An AEM major recently instructed me that, when informed by someone that they spent their summer interning at a nonprofit, the preferred response is: “That must’ve been so rewarding for you.” (And to please refrain from scoffing until well out of earshot).
And I may never live down the fact that I was rejected by an unpaid internship the summer after my freshman year. My friends love to joke that I wasn’t even good enough to be a volunteer.
Thus, it might seem improper for me to speak on the subject of internships, having never possessed one myself that was worthy of being considered good by Cornell standards. In fact, this past summer I labored at a public relations agency specializing in the cannabis industry, of all things (undoubtedly contributing to the deterioration of American values, and all that for minimum wage). I’m afraid that I’ve already doomed myself to a life of failure, and so I will only report what little I have heard from my more successful peers.
Someone I know that made $15.83 an hour this summer (“hardly success,” many Cornellians mutter under their breath) feels unworthy. They don’t like to talk about the work they did because the monetary value attached to it is shameful to mention.

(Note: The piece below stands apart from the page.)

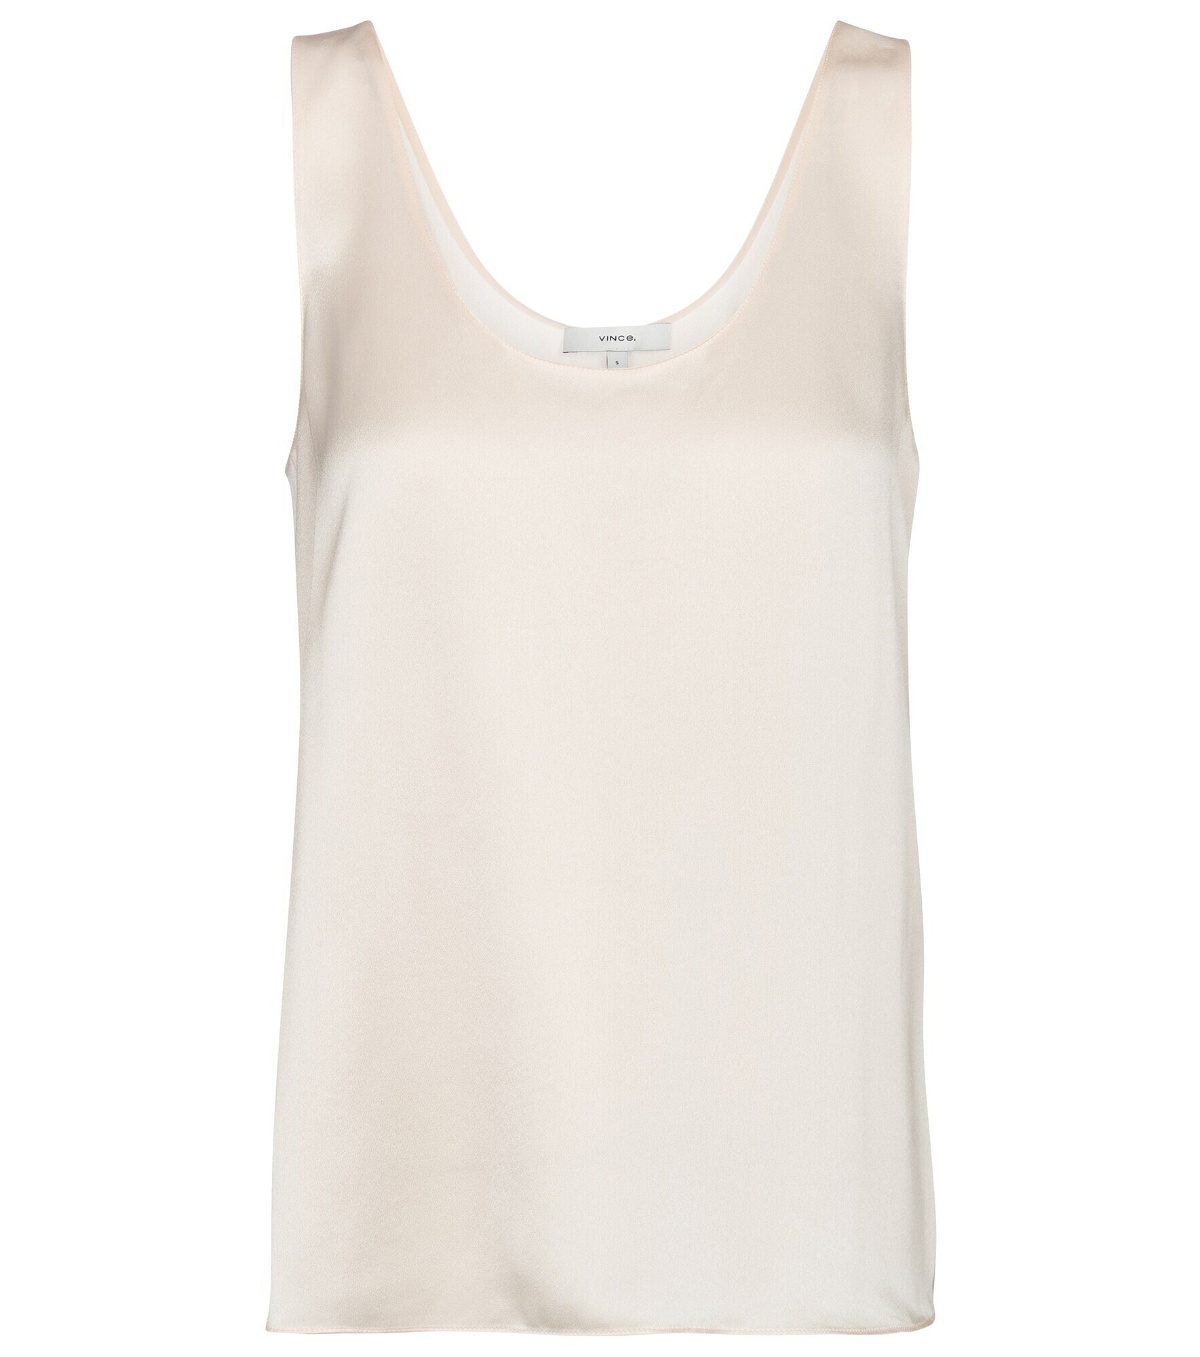 Satin tank top in silver - Vince

But $18.50 an hour was still not enough for another student. Initial joy at an internship offer was followed by a perceived need to keep quiet and the idea that perhaps their parents’ pride was misplaced. After all, $18.50 was nothing to celebrate at Cornell.
And at $21.00 an hour, the situation wasn’t much improved. As this person notes: “I constantly hear people that made more than me complaining about how little they made.”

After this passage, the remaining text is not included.